- DATA -

+ + + + +

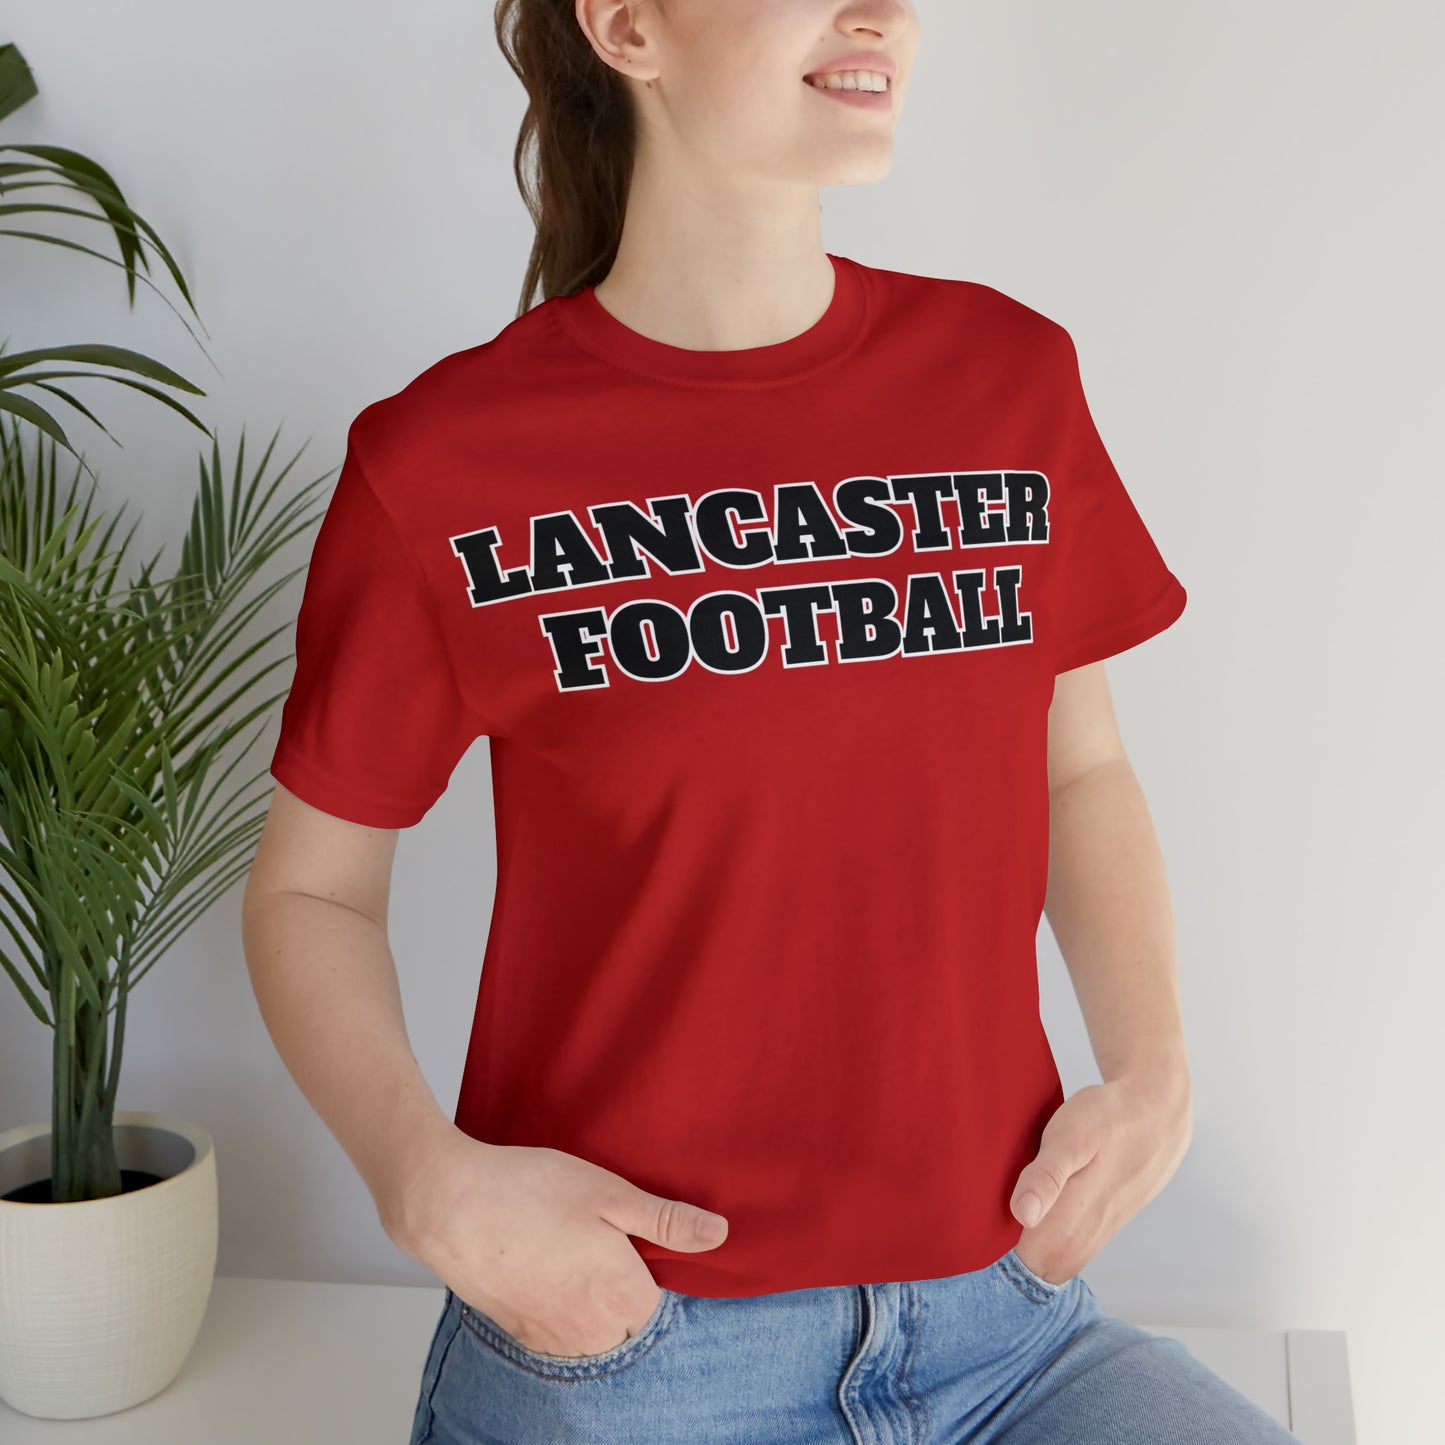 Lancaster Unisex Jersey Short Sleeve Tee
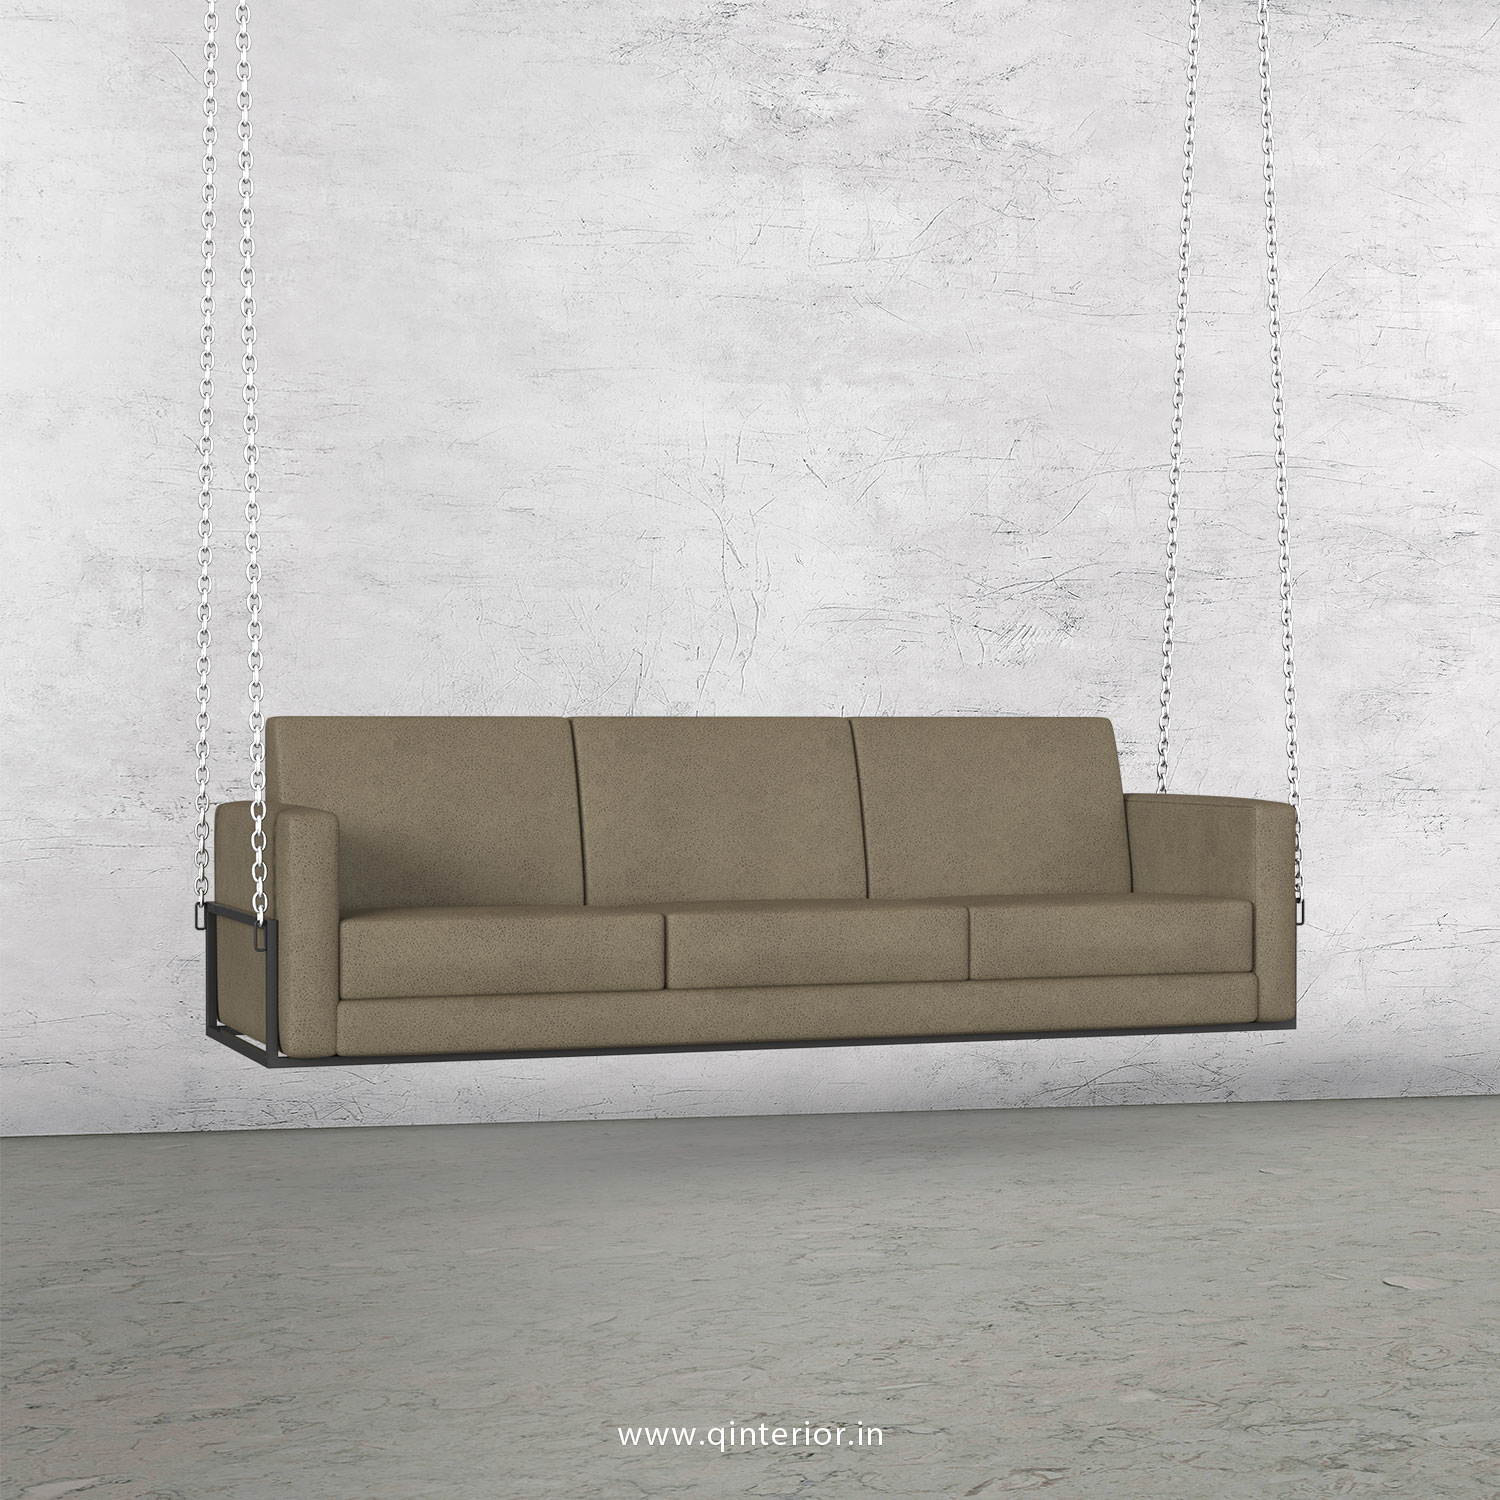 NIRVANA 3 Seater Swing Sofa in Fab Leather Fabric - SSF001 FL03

+ + + + +

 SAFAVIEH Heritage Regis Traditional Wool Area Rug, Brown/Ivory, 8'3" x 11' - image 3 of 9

+ + + + +

- GOAL OF THE EXERCISE -
From the material above, give again exactly the lines from the one that contains "Lancaster Unisex Jersey Short Sleeve Tee" through the one that contains "NIRVANA 3 Seater", and leave out the pictures.

- RESULT BELOW -
 Lancaster Unisex Jersey Short Sleeve Tee
 NIRVANA 3 Seater Swing Sofa in Fab Leather Fabric - SSF001 FL03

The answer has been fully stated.